'Ban ciggies from streets'

Researchers are calling for a blanket ban on smoking in city streets after finding high rates of carcinogens being puffed into pedestrians.

Otago University public health researchers tested the air quality near smokers in Lower Hutt's city centre over five weeks and found concerning levels of pollution.

They used a sensitive air monitor as they walked past 284 people smoking on the footpath and recorded high rates of fine particles, which can cause lung disease and cancer when breathed in from second-hand smoke.

Fine particles go deep into the airways and settle in the lungs, compared to larger particles that the nose and throat can cough up, study co-author Associate Professor Nick Wilson said.

"It is known that from the best estimates well over 1000 New Zealanders are dying each year from air pollution exposure."

The peak levels of pollution puffed out by Lower Hutt smokers was more than double the amount being emitted from passing cars.

The World Health Organisation says there is no safe level of second- hand smoke and any exposure can be hazardous to health.

Prof Wilson said on average there were 70 per cent more fine particles in the air when standing at an average distance of 2.6 metres from a smoker.

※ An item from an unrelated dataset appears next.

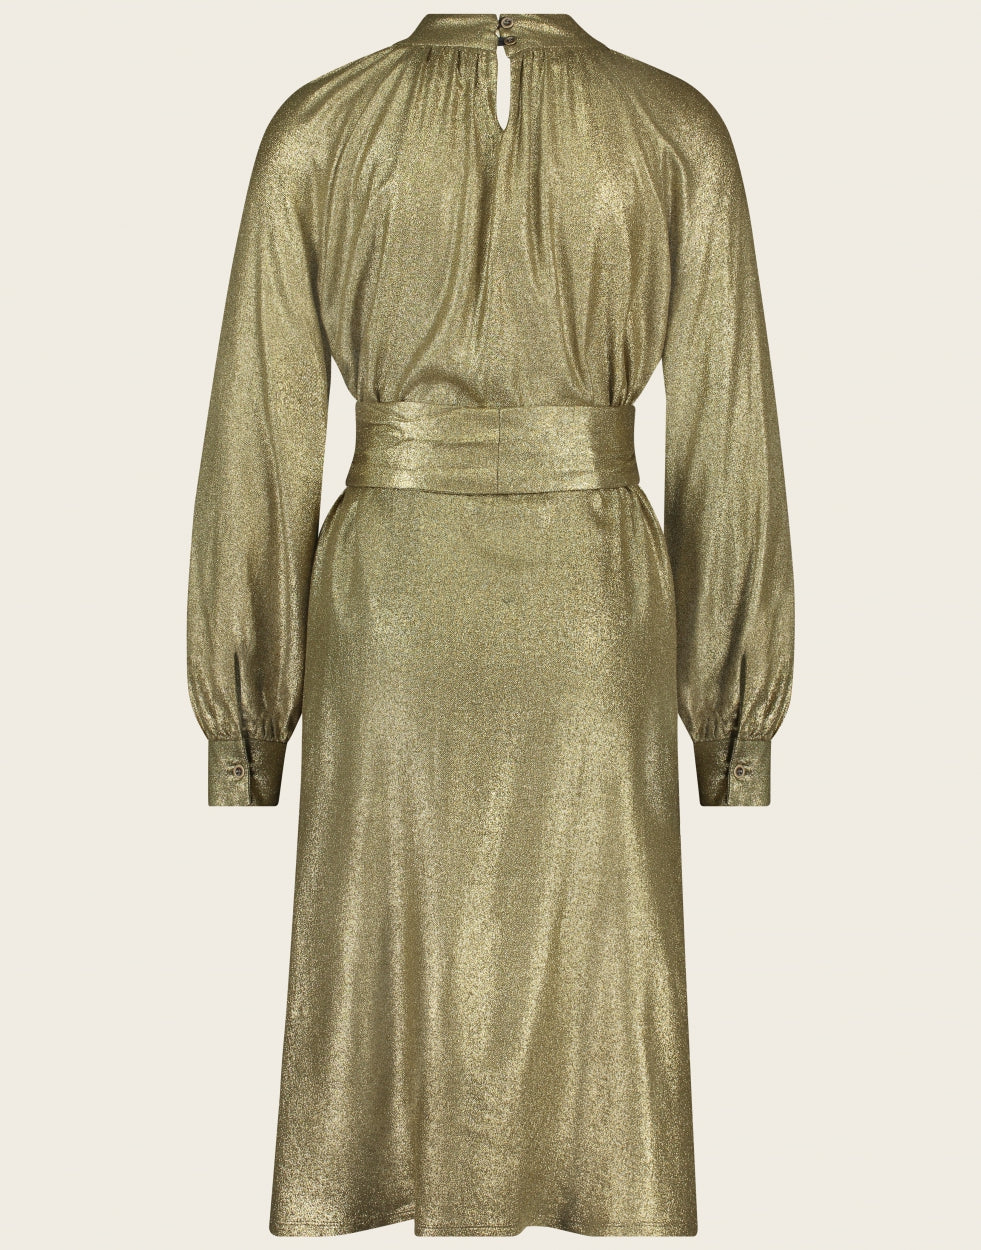 Dress Grace | Gold metallic shiny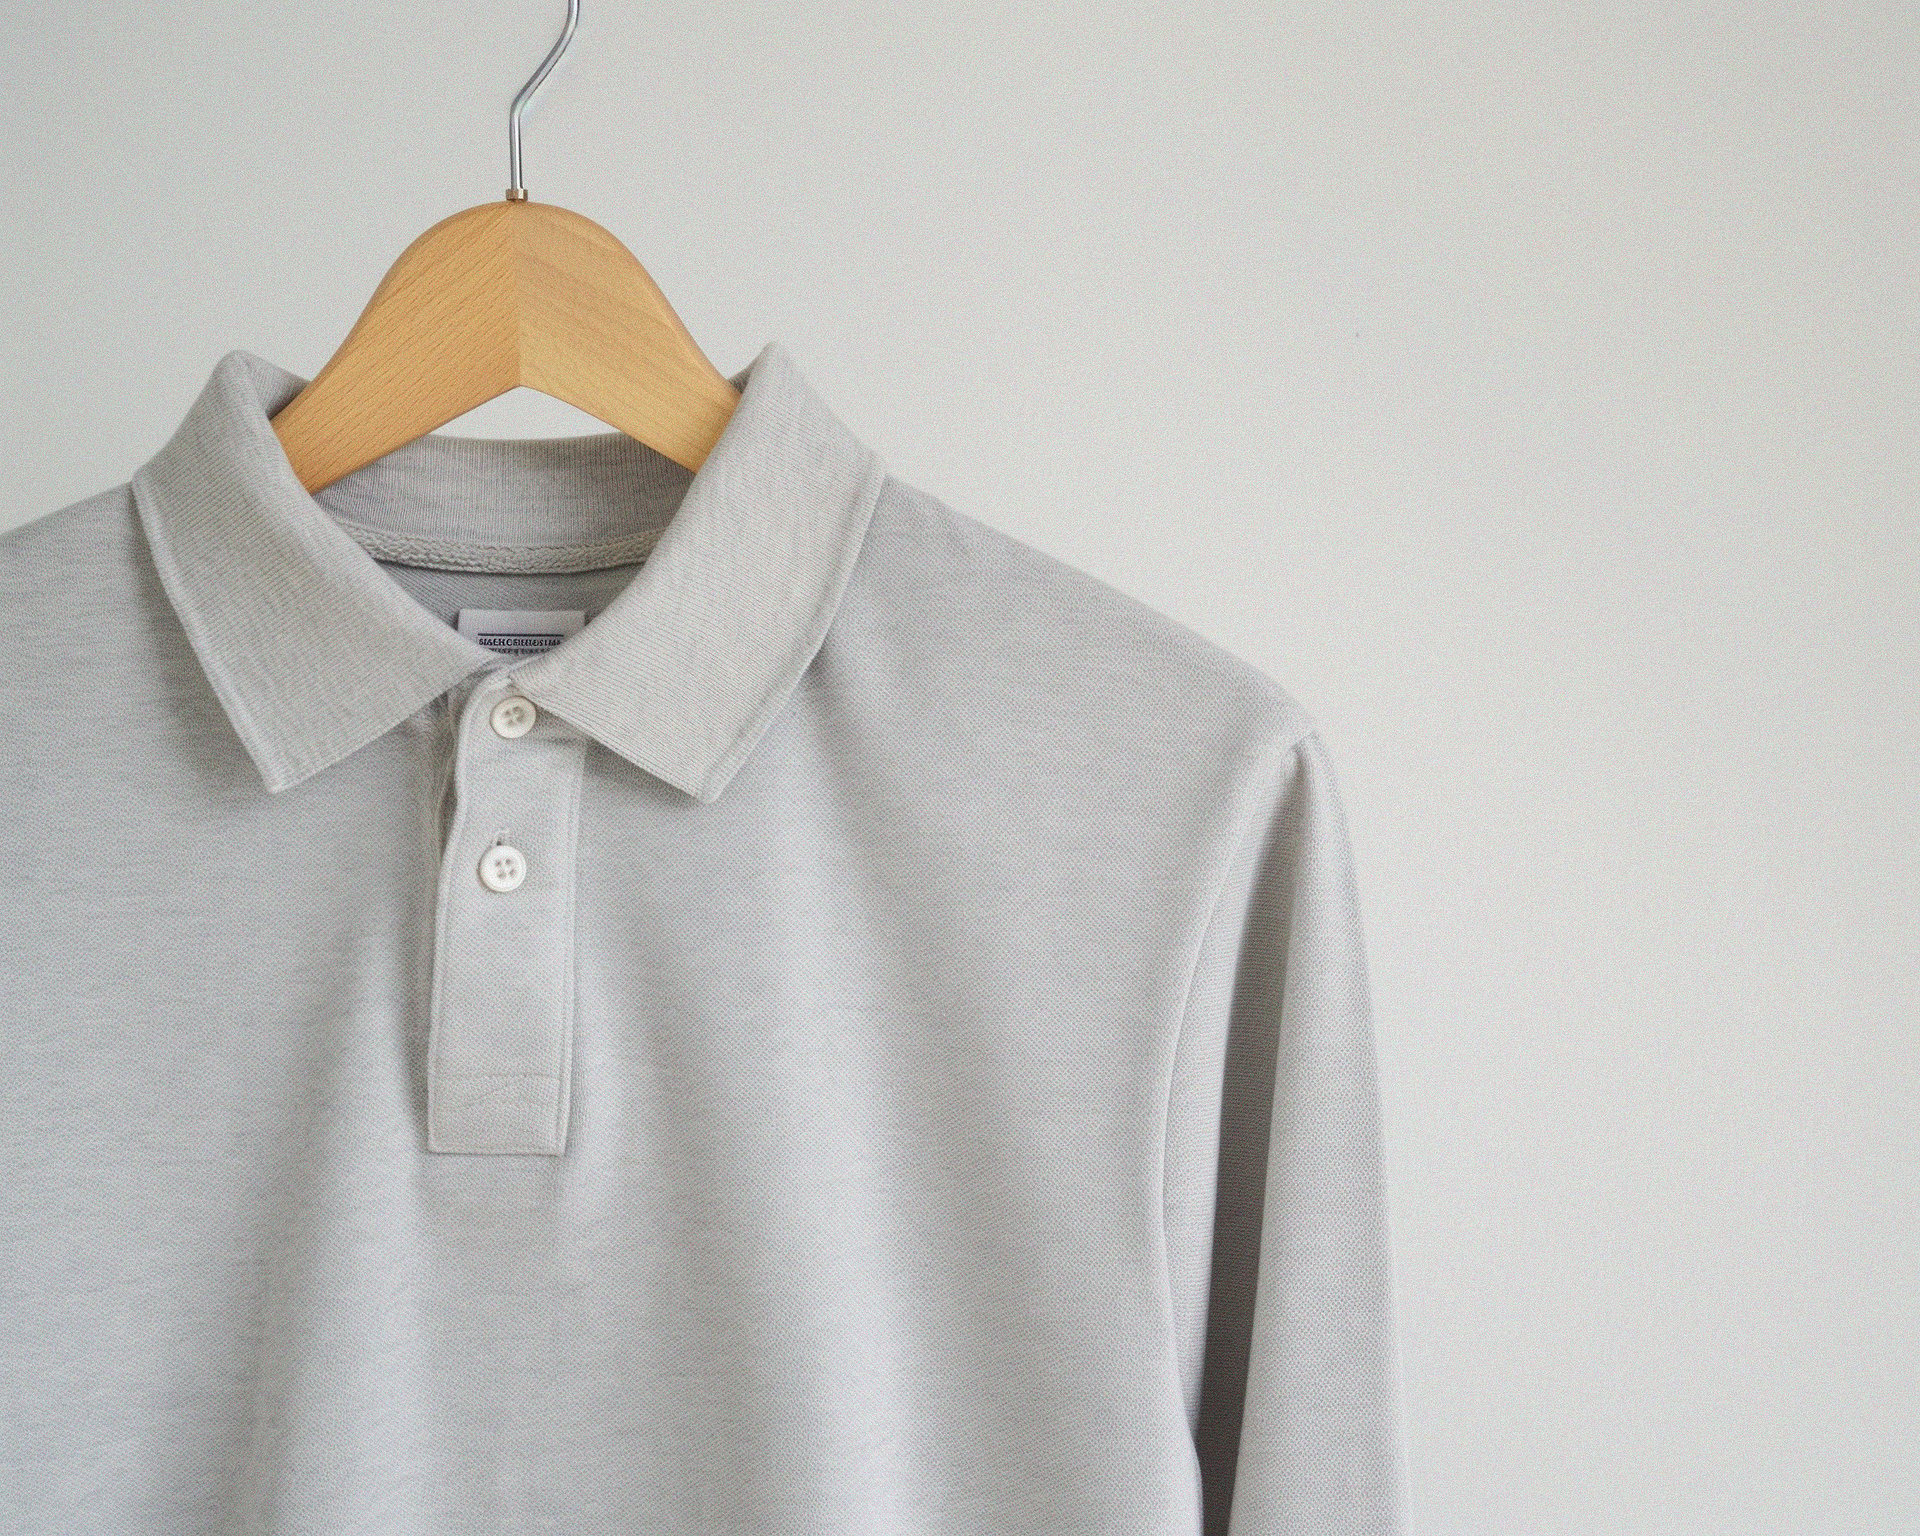 Light gray polo shirt

When standing next to a smoker at a bus stop, the mean fine particle pollution level was 16 times the normal level.

He called on councils to make inner-city streets smoke free to help protect the health of pedestrians and people working or socialising in outdoor seating.

"They should be particularly concerned about protecting bar and restaurant workers who frequently have to breathe in second hand smoke when servicing outdoor tables with smokers."

Other benefits include decreased street cleaning costs from less cigarette butt litter, a better public image for a city and the reduction of second-hand smoke drifting into shops and offices.

Prof Wilson suggested designated smoking areas could be established if smoking was banned from city streets to cater for those who couldn't kick the habit.

The ban would be a step towards the Government's goal of making New Zealand smoke free by 2025.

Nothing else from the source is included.